Enhanced Infrastructure for Creation & Collection of Translation Resources Zhiyi Song, Stephanie Strassel (speaker), Gary Krug, Kazuaki Maeda.

Slides:



Advertisements
Similar presentations
Configuration management
Advertisements

Configuration management
© Nuance Communications, Inc. All rights reserved. Page 1 Nuance ® AutoStore ® for SAP ® solutions.
TAP-ET: TRANSLATION ADEQUACY AND PREFERENCE EVALUATION TOOL Mark Przybocki, Kay Peterson, Sébastien Bronsart May LREC 2008 Marrakech, Morocco.
Transformations at GPO: An Update on the Government Printing Office's Future Digital System George Barnum Coalition for Networked Information December.
Assurance through Enhanced Design Methodology Orlando, FL 5 December 2012 Nirav Davé SRI International This effort is sponsored by the Defense Advanced.
THE TRANSLATION NETWORK Overview  Easily manage your multilingual sites  Synchronize content and manage changes  Translate content on the fly  Use.
Speech and Language Technologies in the Next Generation Localisation CSET Prof. Andy Way, School of Computing, DCU.
Information Retrieval in Practice
4/14/20051 ACE Annotation Ralph Grishman New York University.
Tools and Services for the Long Term Preservation and Access of Digital Archives Joseph JaJa, Mike Smorul, and Sangchul Song Institute for Advanced Computer.
Overview of Search Engines
Lecture-8/ T. Nouf Almujally
1 Electronic Filing System United States Patent and Trademark Office.
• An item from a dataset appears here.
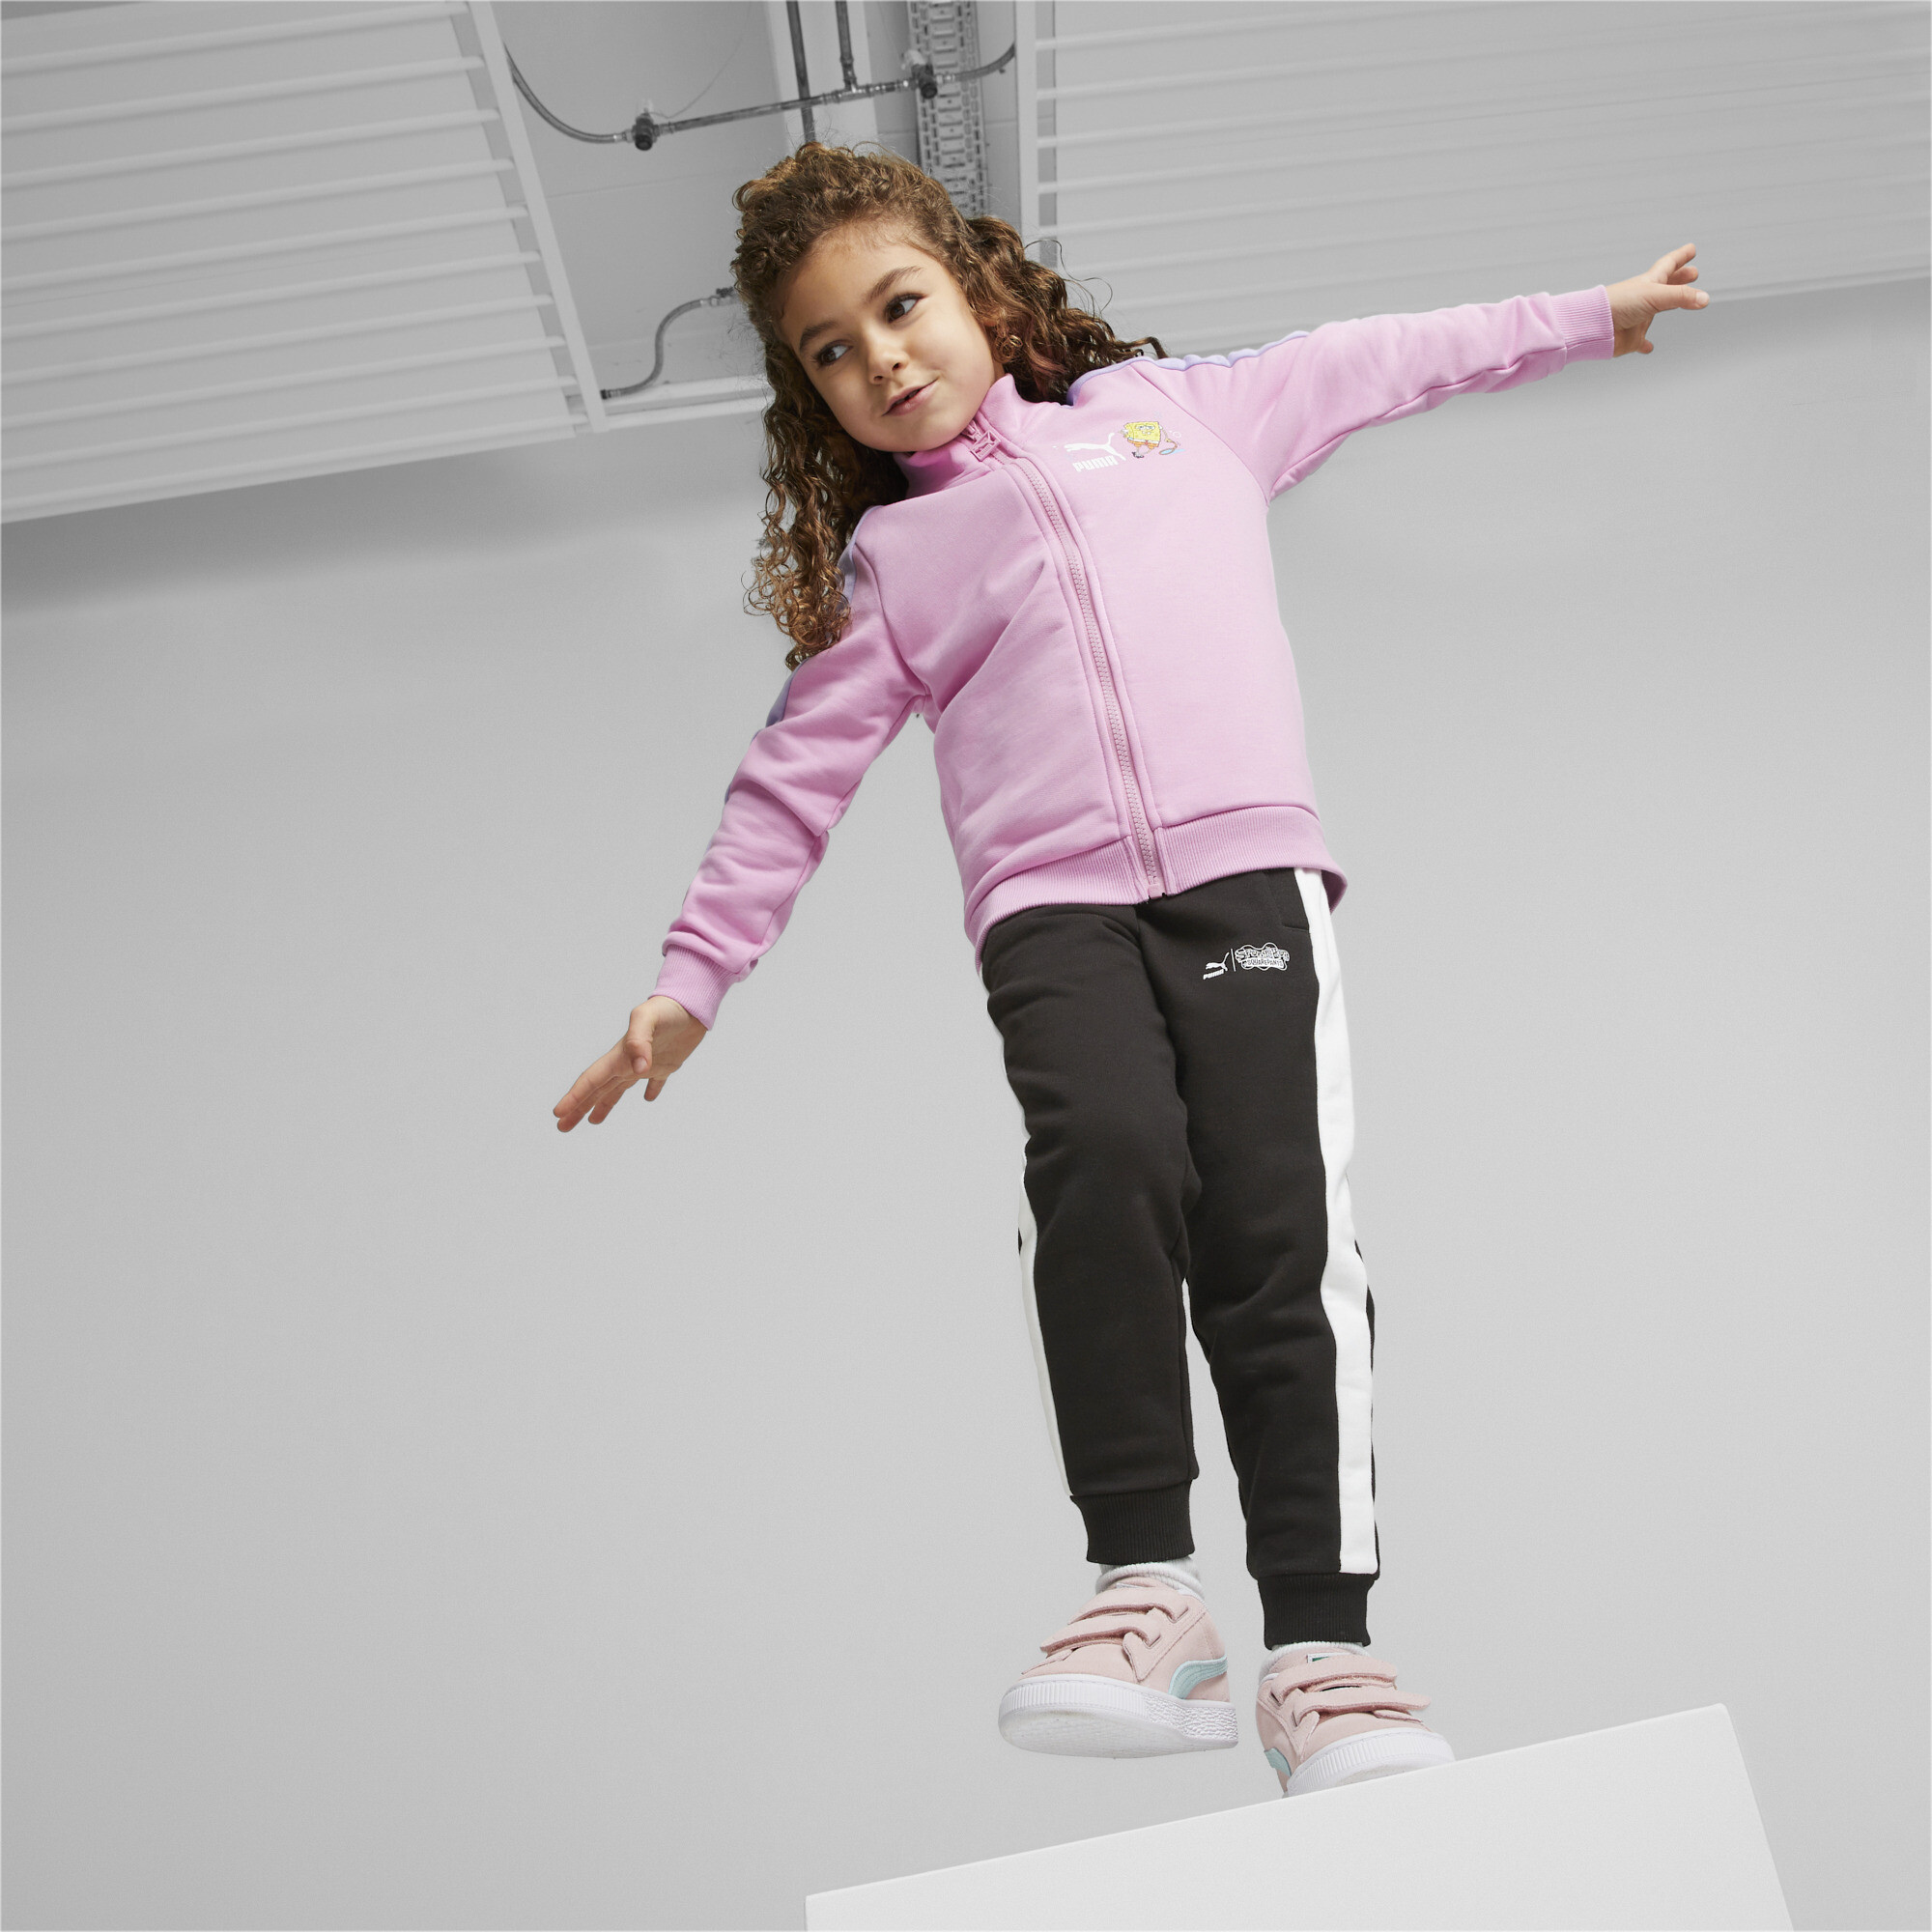 PUMA X SPONGEBOB T7 Jacket Kids In Pink, Size 13-14 Youth

Digitization at the National Archives and Records Administration Doris Hamburg Director, Preservation Programs James Hastings Director, Access Programs.
© 2014 The MITRE Corporation. All rights reserved. Stacey Bailey and Keith Miller On the Value of Machine Translation Adaptation LREC Workshop: Automatic.
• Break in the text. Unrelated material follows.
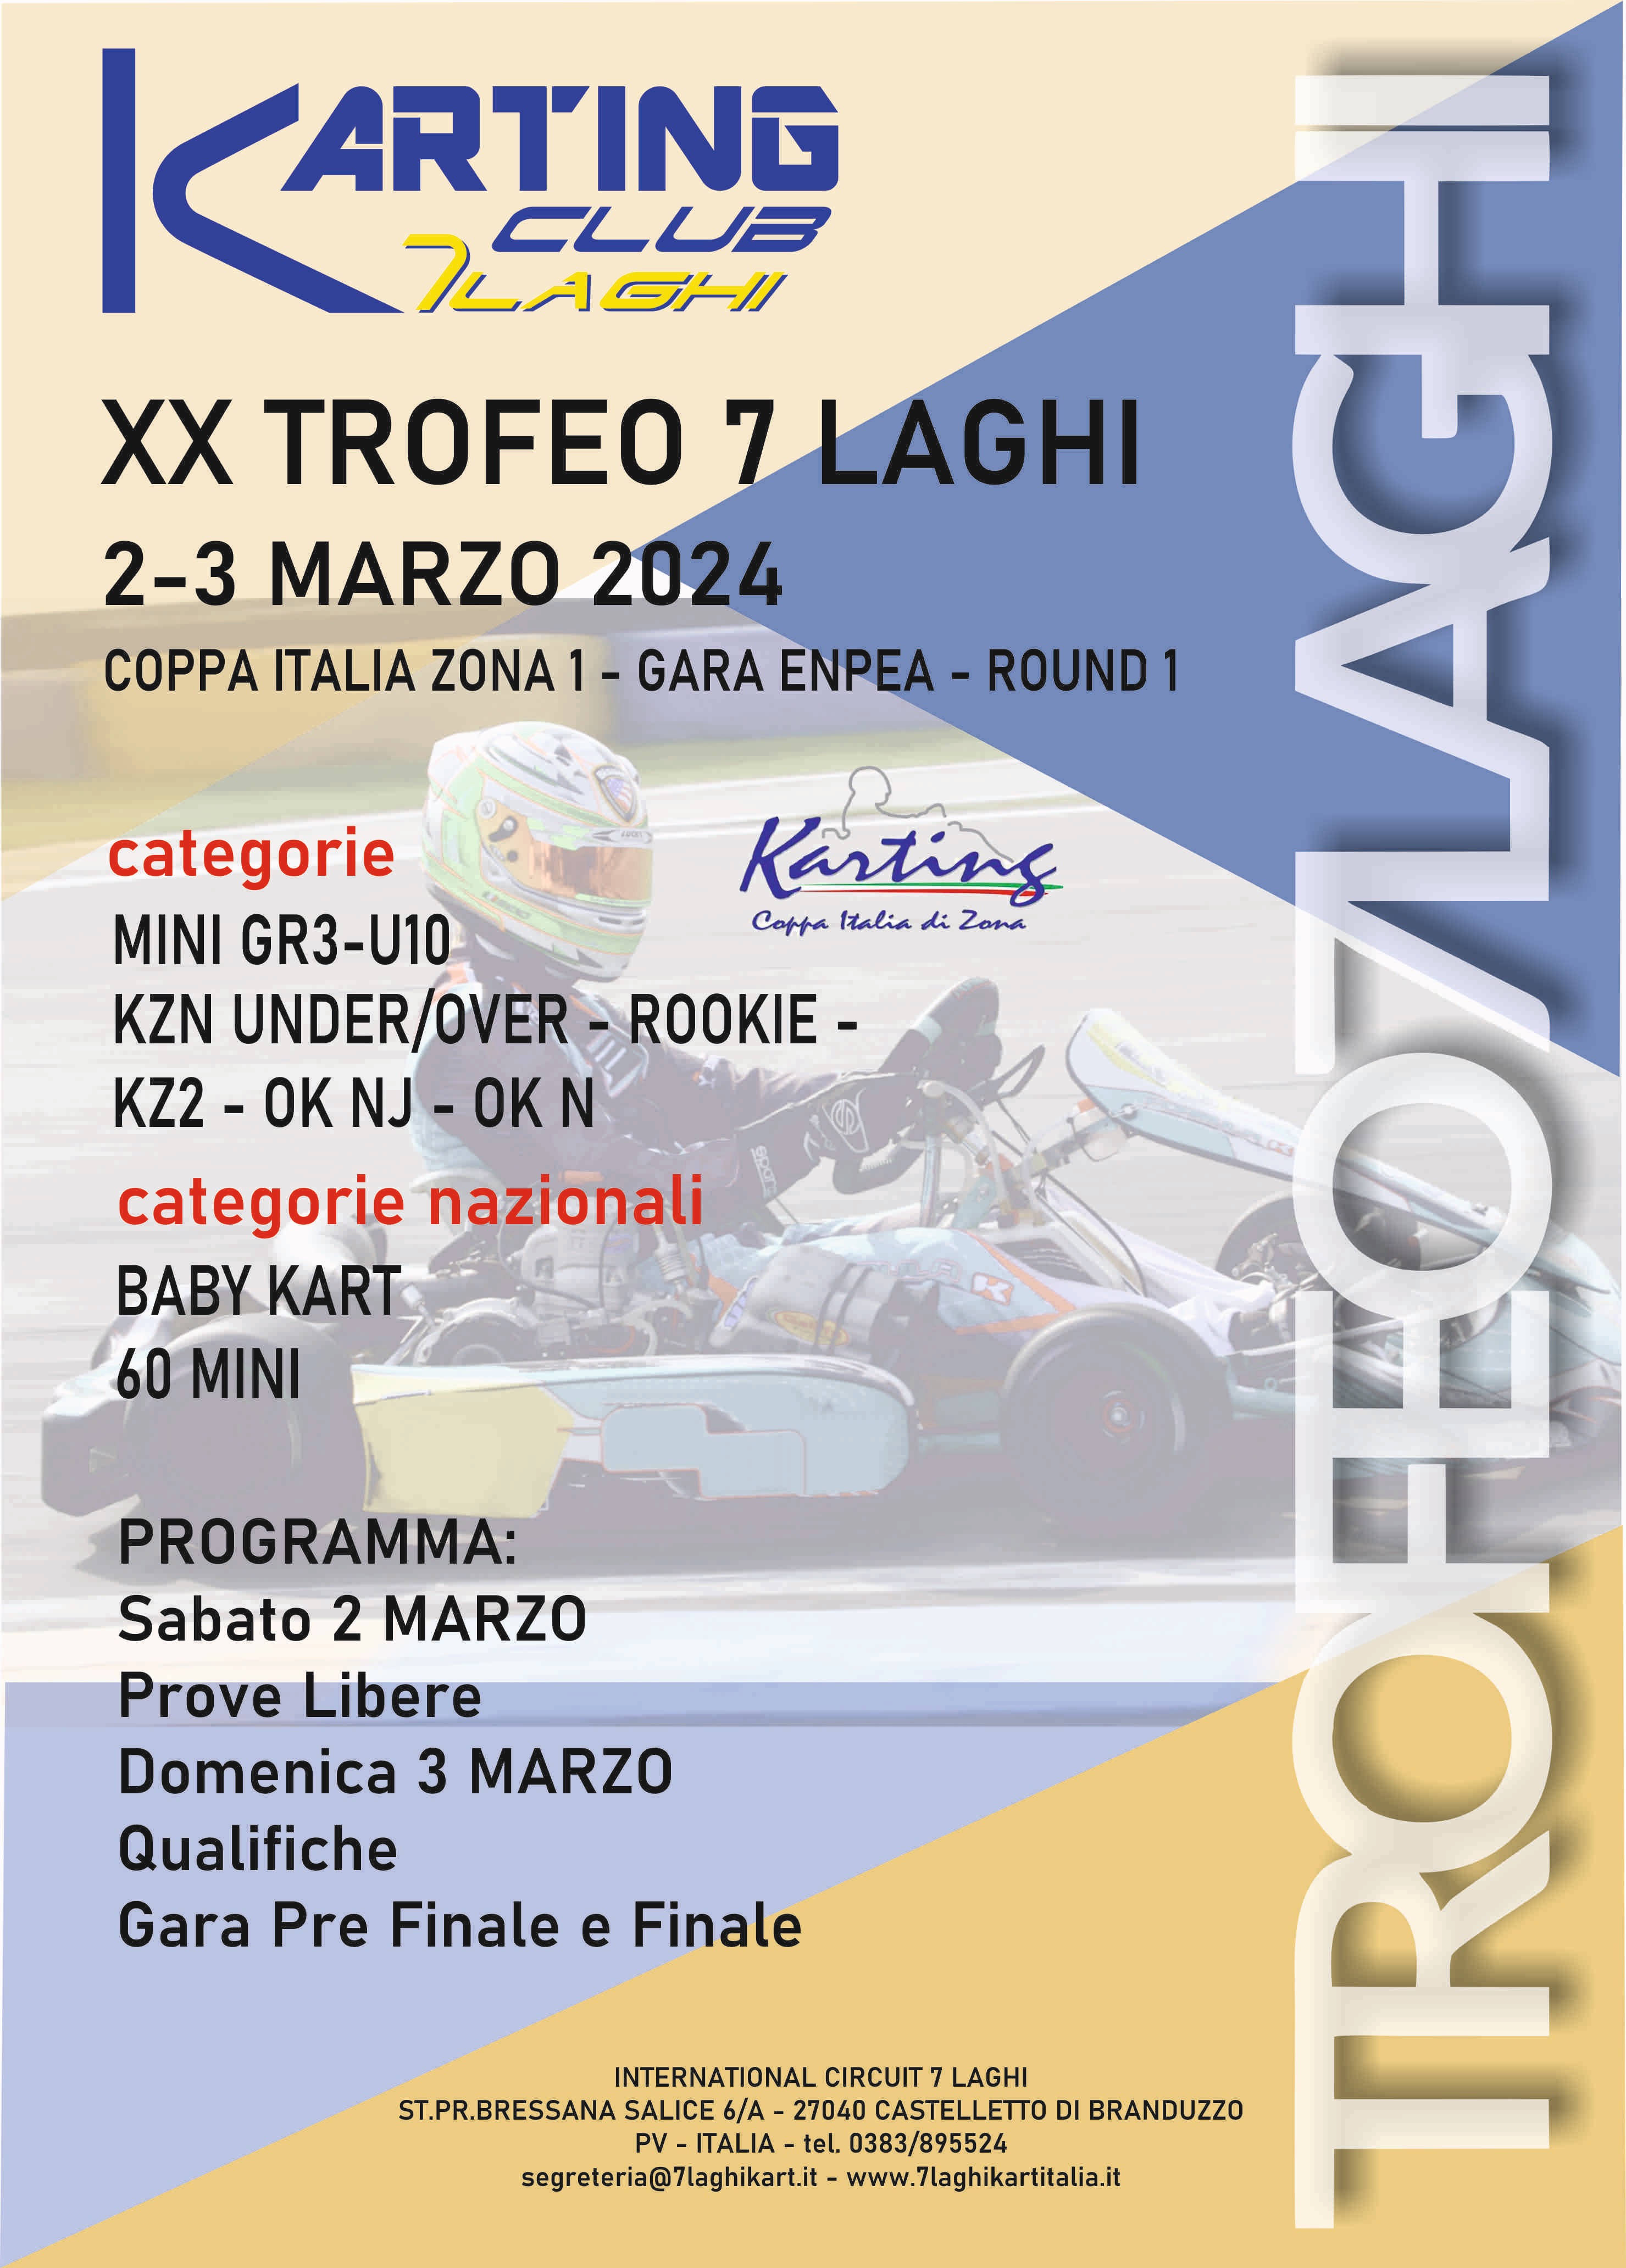 XX TROFEO 7 LAGHI - COPPA ITALIA ZONA 1 - R.1

Search is not only about the Web An Overview on Printed Documents Search and Patent Search Walid Magdy Centre for Next Generation Localisation School of.
This chapter is extracted from Sommerville’s slides. Text book chapter
Copyright © 2007 Ramez Elmasri and Shamkant B. Navathe Slide 1- 1 Chapter 1 - Introduction: Databases and Database Users - Outline Types of Databases and.
 LREC 2008, Marrakech Morocco - May New Resources for Document Classification, Analysis and Translation Technologies Stephanie Strassel, Lauren.
ArcGIS Workflow Manager An Introduction
Query Rewriting Using Monolingual Statistical Machine Translation Stefan Riezler Yi Liu Google 2010 Association for Computational Linguistics.
DE&T (QuickVic) Reporting Software Overview Term
Cataloging for Electronic Commerce: Tool and Resource Development for Creating Standardized Catalogs for U.S. Defense Logistics Information Service Barry.
Some Thoughts on HPC in Natural Language Engineering Steven Bird University of Melbourne & University of Pennsylvania.
FLAVIUS Technical presentation (Overblog, Qype, TVTrip) - WP2 Platform architecture.
1 CSBP430 – Database Systems Chapter 1: Databases and Database Users Mamoun Awad College of Information Technology United Arab Emirates University
The Metadata Object Description Schema (MODS) NISO Metadata Workshop May 20, 2004 Rebecca Guenther Network Development and MARC Standards Office Library.
EARS STT Workshop at ICASSP, March 2005 EARS STT Workshop at ICASSP Christopher Cieri, Mohamed Maamouri, Shudong Huang, James Fiumara, Stephanie Strassel,
Bing Hong OSIsoft Internationalization &
Welcome to the Interactive Survey System. 2 What Is the Interactive Survey System? Online, interactive version of the documents needed for NCQA accreditation,
Enriching Word Alignment with Linguistic Tags Linguistic Data Consortium, IBM Xuansong Li, Niyu Ge, Stephen Grimes, Stephanie M. Strassel, Kazuaki Maeda.
Chapter 2 Architecture of a Search Engine. Search Engine Architecture n A software architecture consists of software components, the interfaces provided.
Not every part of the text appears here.